Судья: Кто Вам говорил? До семи лет.

Марамзин: Я отказываюсь давать показания.

Судья: Чем мотивируете?

Марамзин: Я в сложном положении: я сам обвиняемый, нахожусь под следствием, у меня не очень хорошая память на факты, из показаний Хейфеца, с которыми меня знакомили, я убедился, что мы с Михаилом Рувимовичем по-разному помним одни вещи. Он имеет юридическую помощь, я нет. Я боюсь за свою участь, это естественно.

Прокурор: Я все же хотел бы задать пару вопросов. Думаю, что Марамзин просто не хочет давать показания, ведь ответственность он несет только за заведомо ложные. Попробуйте все же ответить мне. Знаете ли Вы что-либо о статье Хейфеца и что?

Марамзин: Я действительно давал показания на своем следствии и все сказал там. Майор Рябчук мне не доверяет, называет меня «вражина».

Прокурор: Вы просто не хотите давать показания!!!

Марамзин: Нет, я просто опасаюсь за свою участь.

Прокурор: Тогда у меня вопрос к Хейфецу: при каких обстоятельствах написана статья?

Хейфец: Повторяет все.

Прокурор: Хотите что-нибудь сказать, Марамзин?

Марамзин: Я помню это не так. Хейфец при встрече рассказывал мне, как относится к стихам Бродского, там были интересные мысли по поводу Державина и пр. Я сказал, что вот хорошо бы это и записать.
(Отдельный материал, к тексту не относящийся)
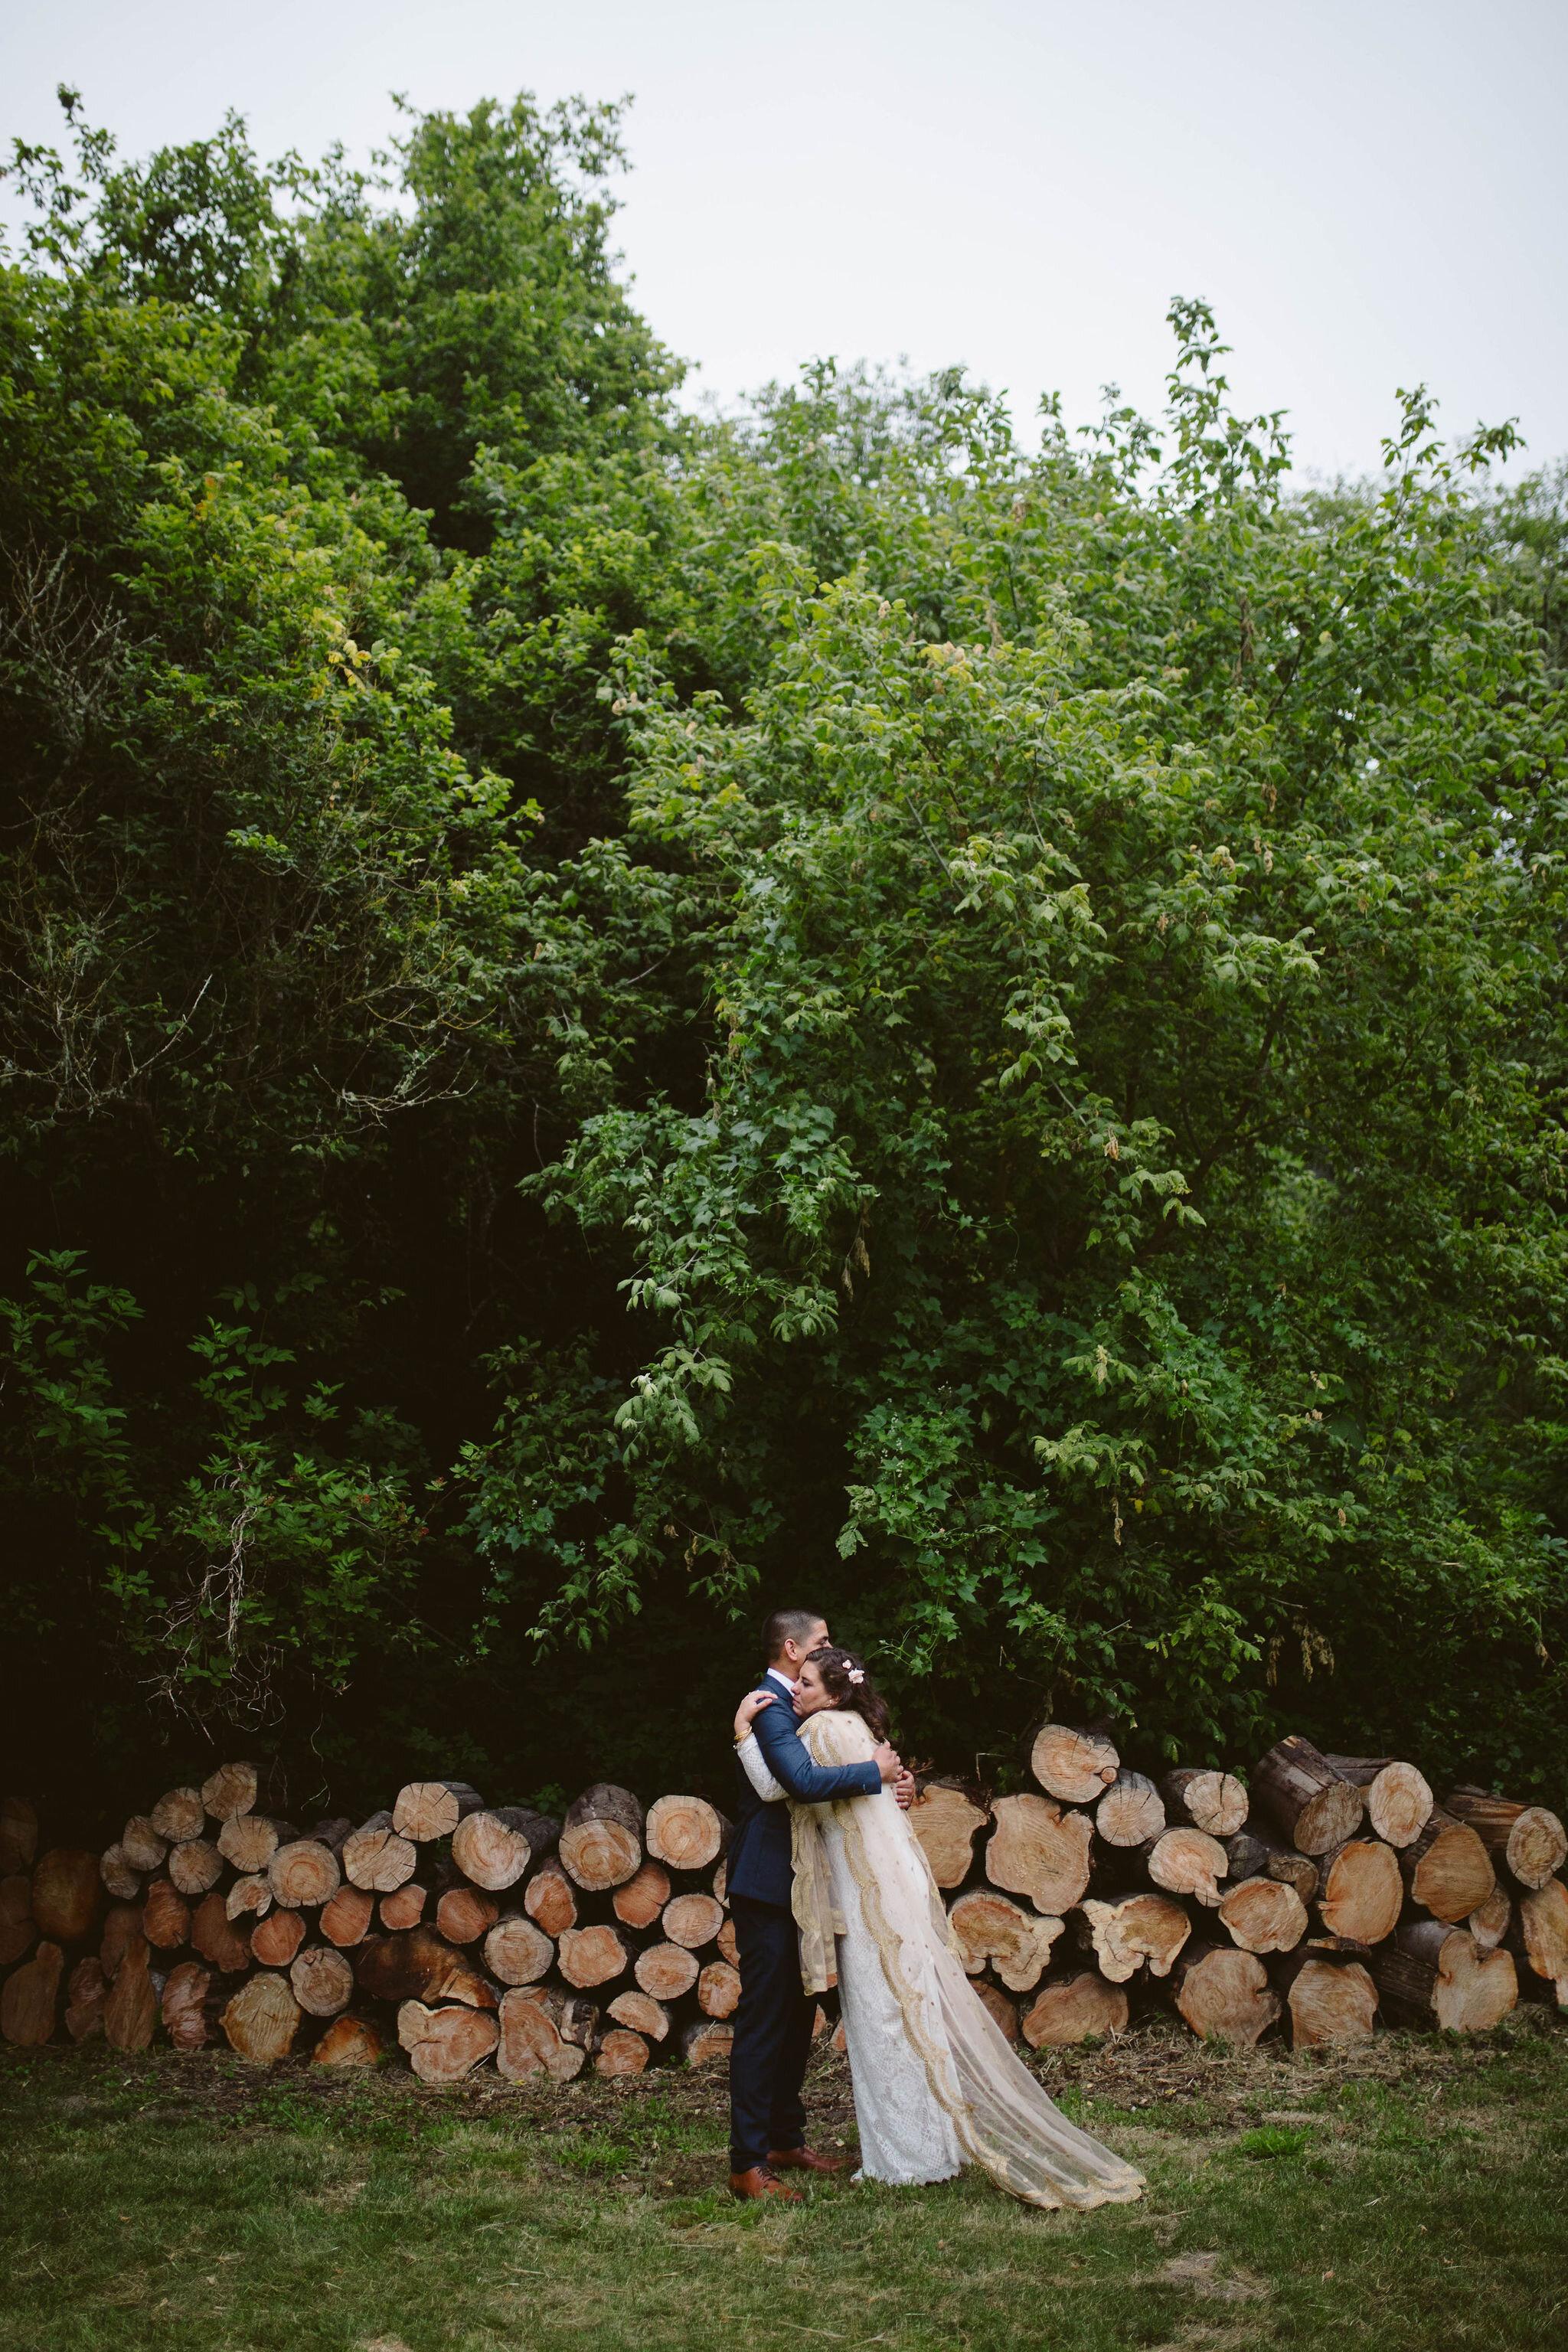 Venture-Retreat-Center-Wedding-Pescadero-Sat-Aaron-Pritam-The-Shalom-Imaginative-792.jpg

Не помню, чтобы речь шла о предисловии, не говорил, прочитав, что там политические мотивы.

Прокурор: В каком виде была статья?

Марамзин: Напечатана на машинке, но имела вид черновика.

Прокурор: Вы высказывали Хейфецу недовольство статьей?

Марамзин: Редко видимся, не помню, но что-то говорил, некоторое недоумение.

Прокурор: Просили кого-нибудь еще написать статью?

Марамзин: Я и Хейфеца не просил, я собирал написанное. 

Адвокат: Вы хотели издать Бродского? Нужно ли было предисловие?

Марамзин: Я собирал все Бродского и о Бродском. При обыске у меня изъяли предисловие от составителя, мое — вот это и есть единственное предисловие.

Адвокат: Были ли еще статьи?

Марамзин: Была статья о русской поэзии вообще, в том числе о Бродском.

Адвокат: А еще были?

Марамзин: Да и не нужно было.

Адвокат: С какой целью Хейфец дал Вам читать статью?

Марамзин: Как знатоку Бродского. А инициатива исходила от меня.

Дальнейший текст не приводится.